1. I am socially worthless. Let me explain, because I don't mean that to be some sentence designed to evoke pity. I have my world built around me that is a direct result of my introverted, shy, intellectual nature. In doing so, I have become a person who can quite happily and easily engage in a serious discussion, enter into political and historical debate, and become involved in conversations of important and deep matters. However, I can't make small talk, and that's what I mean by being socially worthless. Put me in a social situation, and I can't cope. The German speaking and writing exams are very good examples of that. I get stuck on them not because I don't have the German vocabulary, but because I wouldn't have much to say in English in the first place. For example, if you asked me "what do you eat?", I really don't have an answer. I eat FOOD. What do you THINK I eat? How about "where would you like to go on holiday?" I'd rather stay home, thanks. "What do you do?" Well, nothing much really. "What is your opinion with regards to the historical events that led to the rise and then fall of communism in the eastern bloc?" NOW YOU'RE TALKING! In our German writing task, we write about bland, everyday things I don't care about - writing 200 words of English about a dream holiday is impossible for me, let alone writing those words in German! Other people may have heaps to say, but I have NOTHING. If, however, we were taught how to write serious, academic essays, I would be hard-pressed to complete my task within the given time. I had to pull out of a German speaking competition because I couldn't even think of three English sentences with regards to future plans. "What happens, happens" doesn't equate to three and a half minutes in either language.
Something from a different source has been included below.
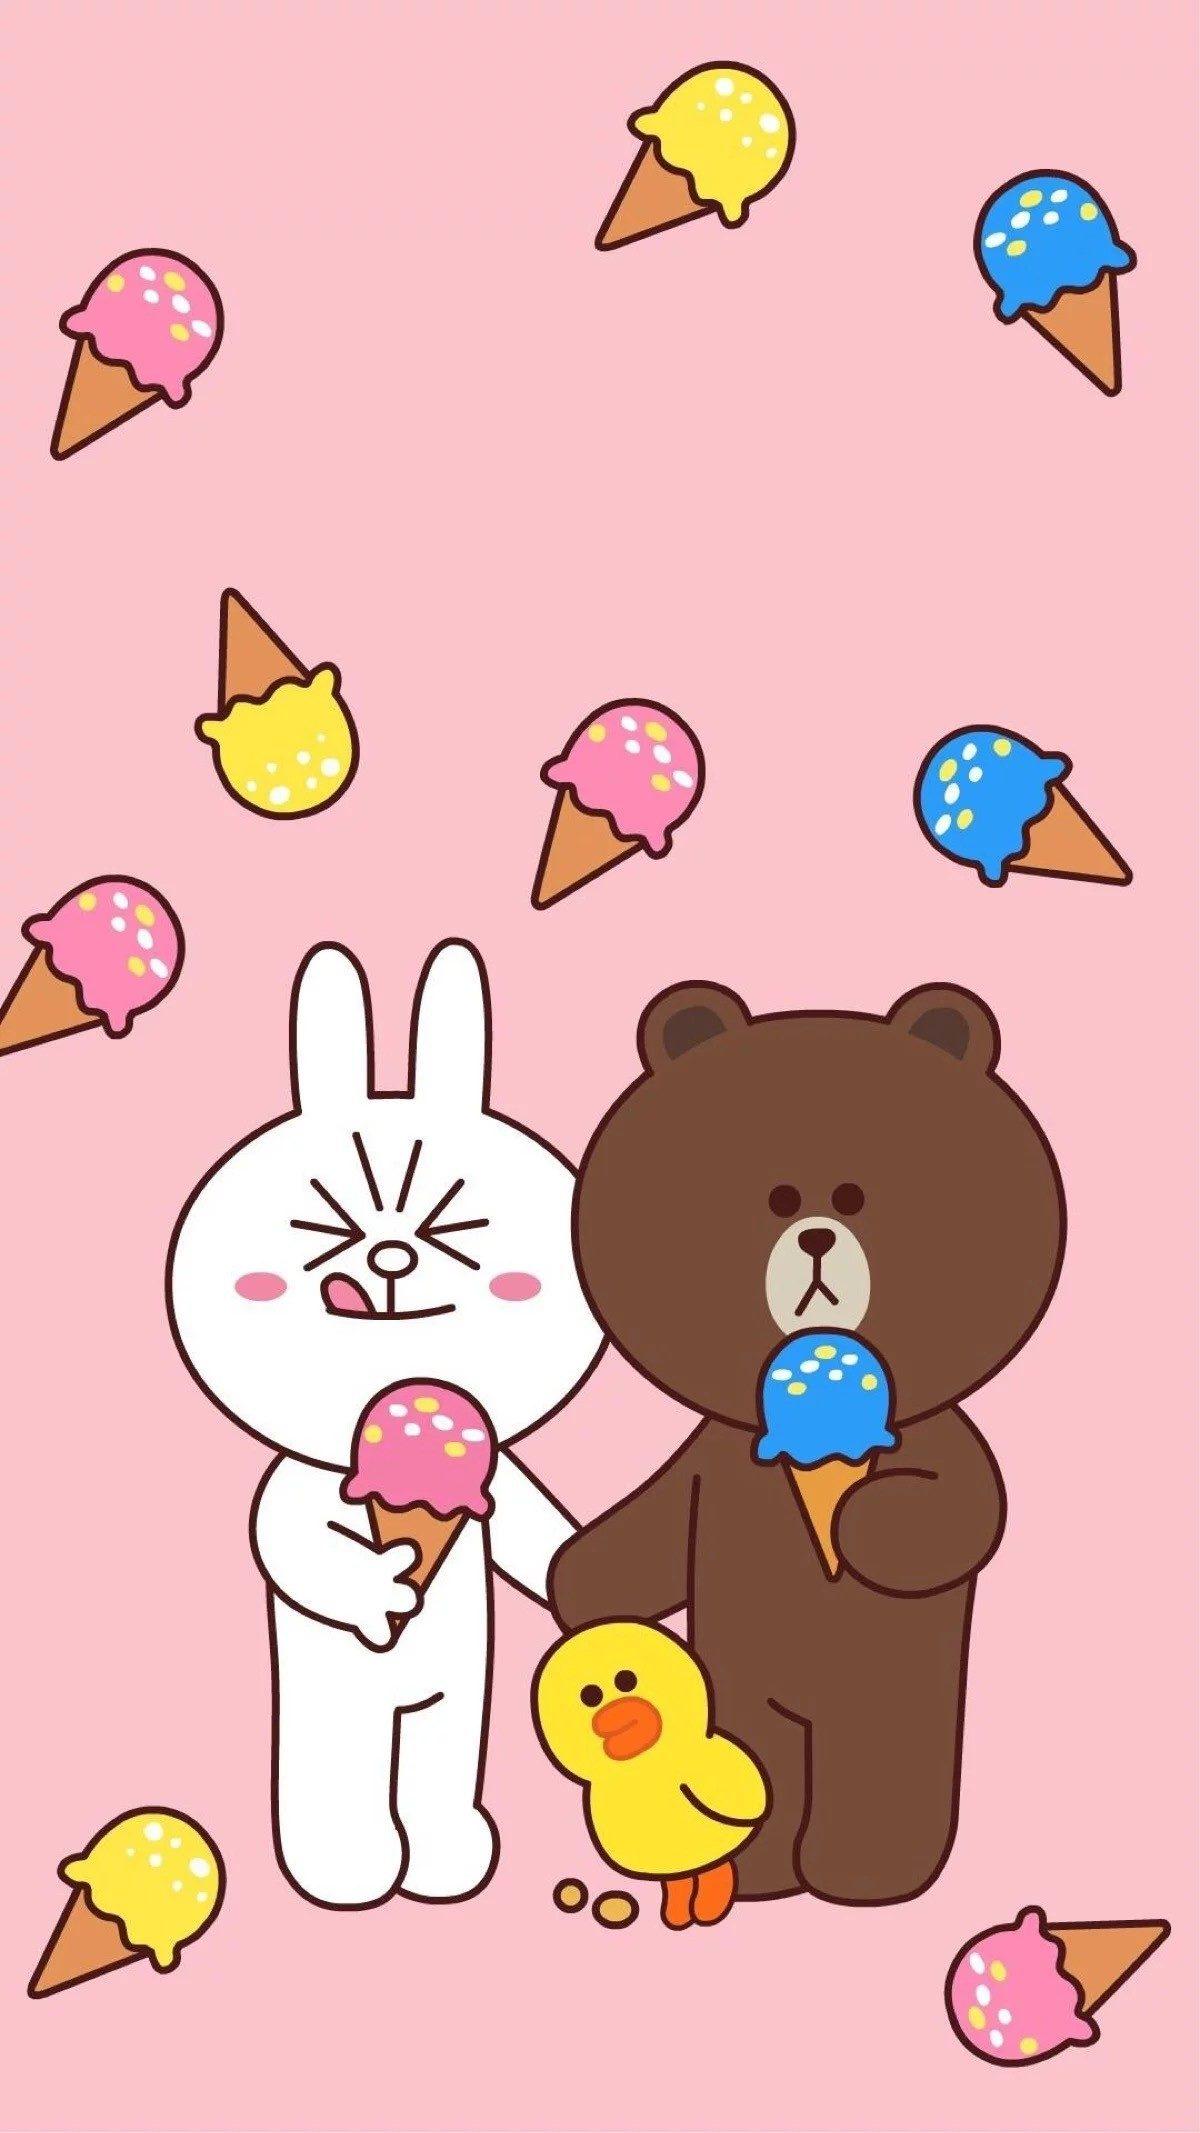 Phone Wallpapers Iphone 7 Bunny Cartoon Screen Funds Love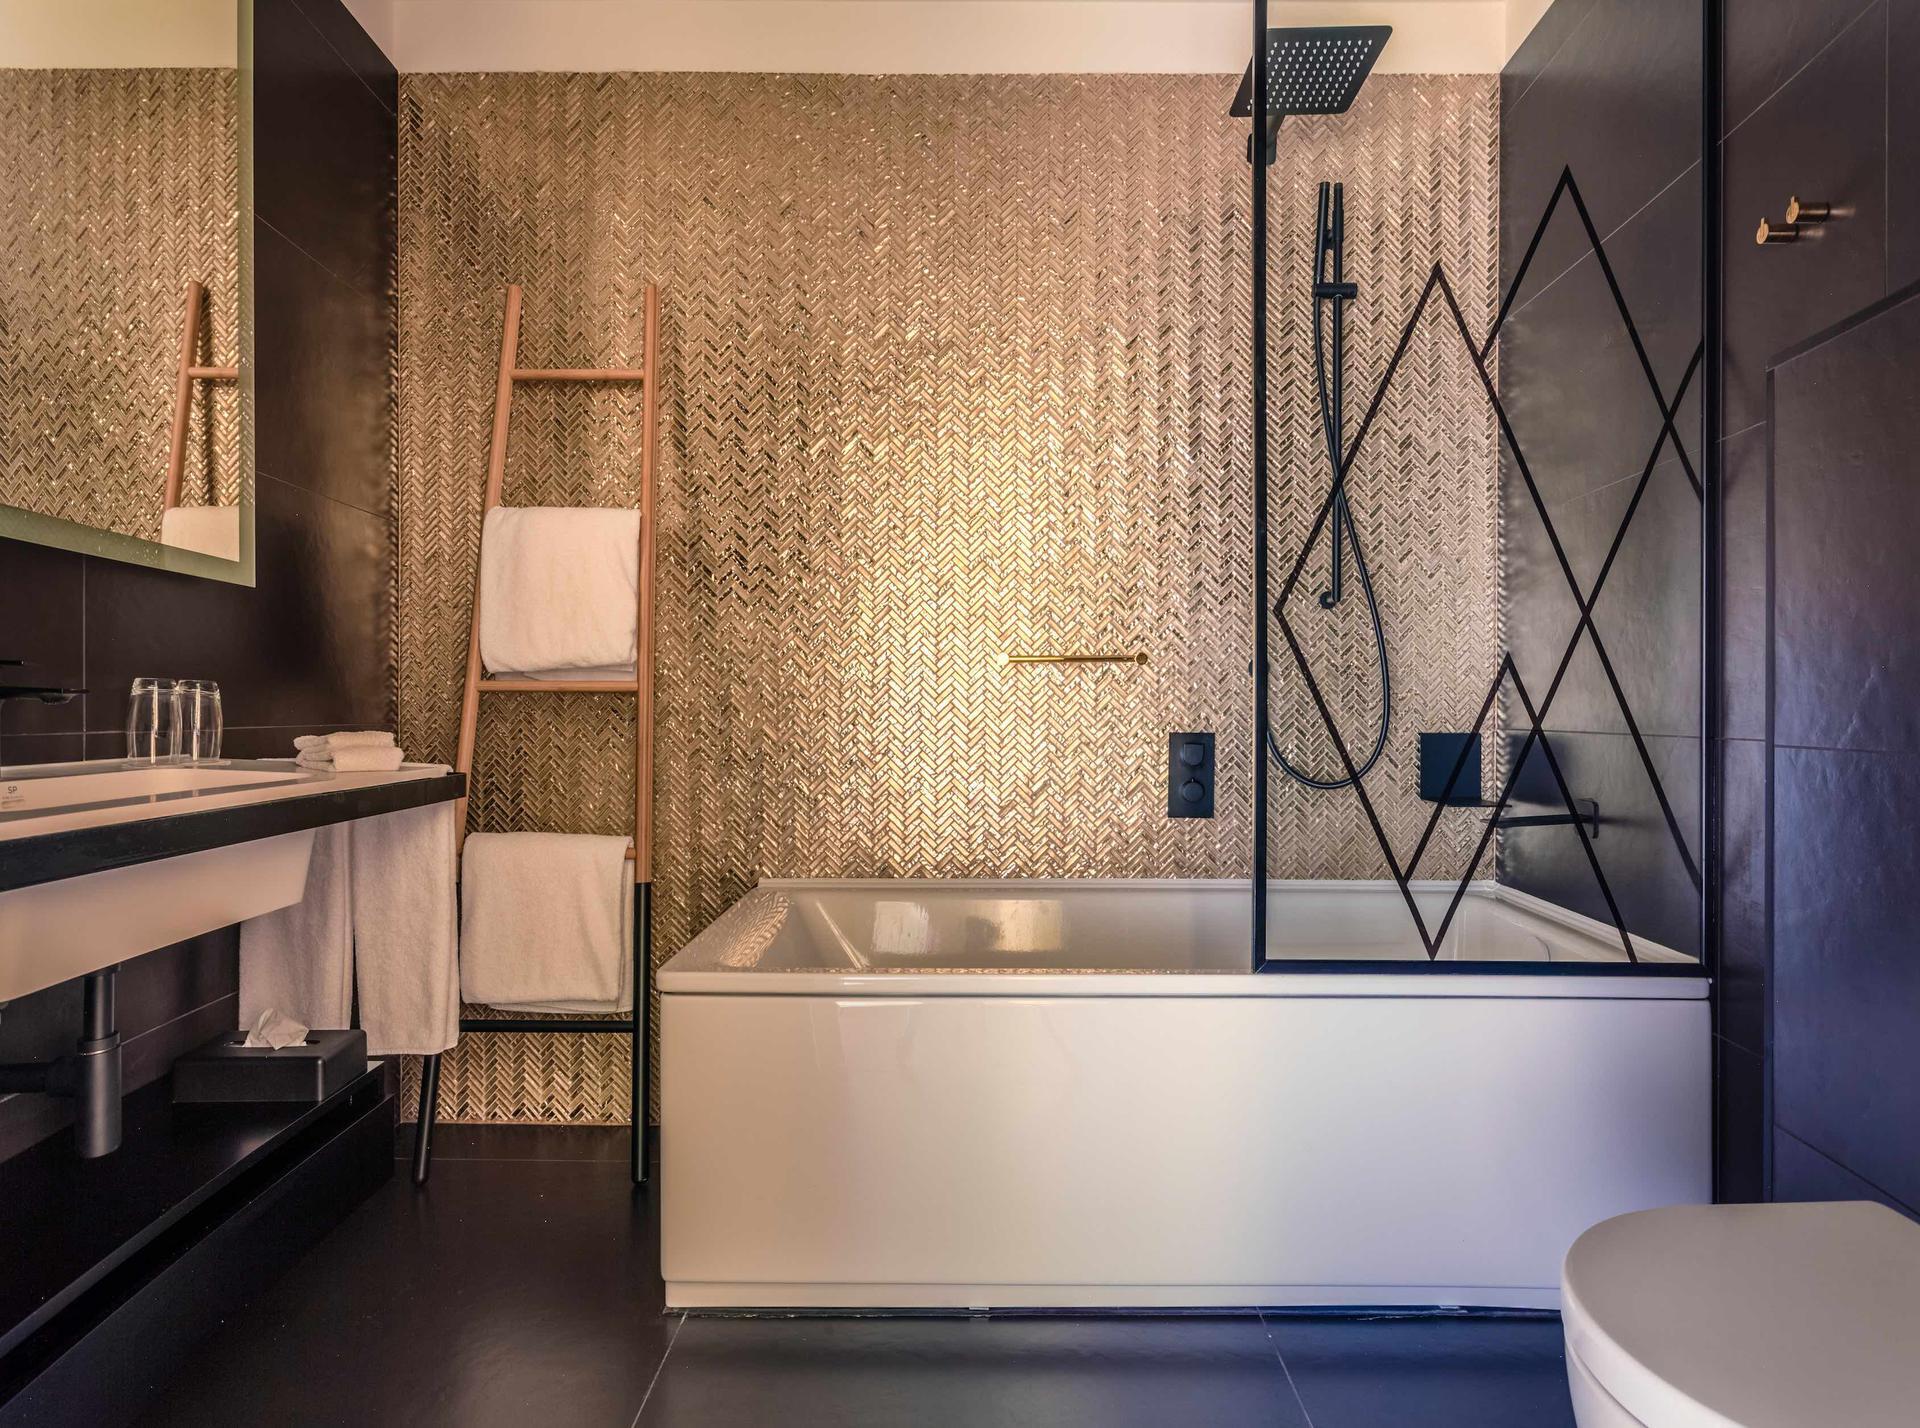 4_Kaldewei_Hotel_Indigo_Warsaw_Puro

2. I have always seen everything in black and white; there is a right and wrong, true or false for EVERY SINGLE SITUATION. I fervently believe that. The statement "my LJ screen name is axver" is either true or false, no way around it, and that is how I feel about everything. Everything is not relative; it is absolute because he who created it is absolute, the created object contains the imprint of the creator. So I have seen this very clear black and white ... and when, as I continued to question myself and everything around me, it began to blur, I started to worry. Was the foundation of my very existence crumbling from beneath my feet? Was it really all grey, a messy and indistinguishible blur filled with uncertainty? No, of course it wasn't. I just wasn't seing the black and white correctly. It's a chess board, if you will, an immense one with tiny little squares, and if you stand back far enough, the squares blur into each other. You can no longer distinguish the black and the white - the absolute black and white reality is obscured by an imprecise grey distortion. There is grey, but it's only a result of losing sight of the black and white.
I firmly believe both of those. They don't even really seem connected. Maybe this entry doesn't cohesively come together, and some points just seem to jump out of nowhere. That's probably quite reflective of my mind at this point in time. Yet again, my LJ reflects who I am.
Now I better go make dinner before I totally forget.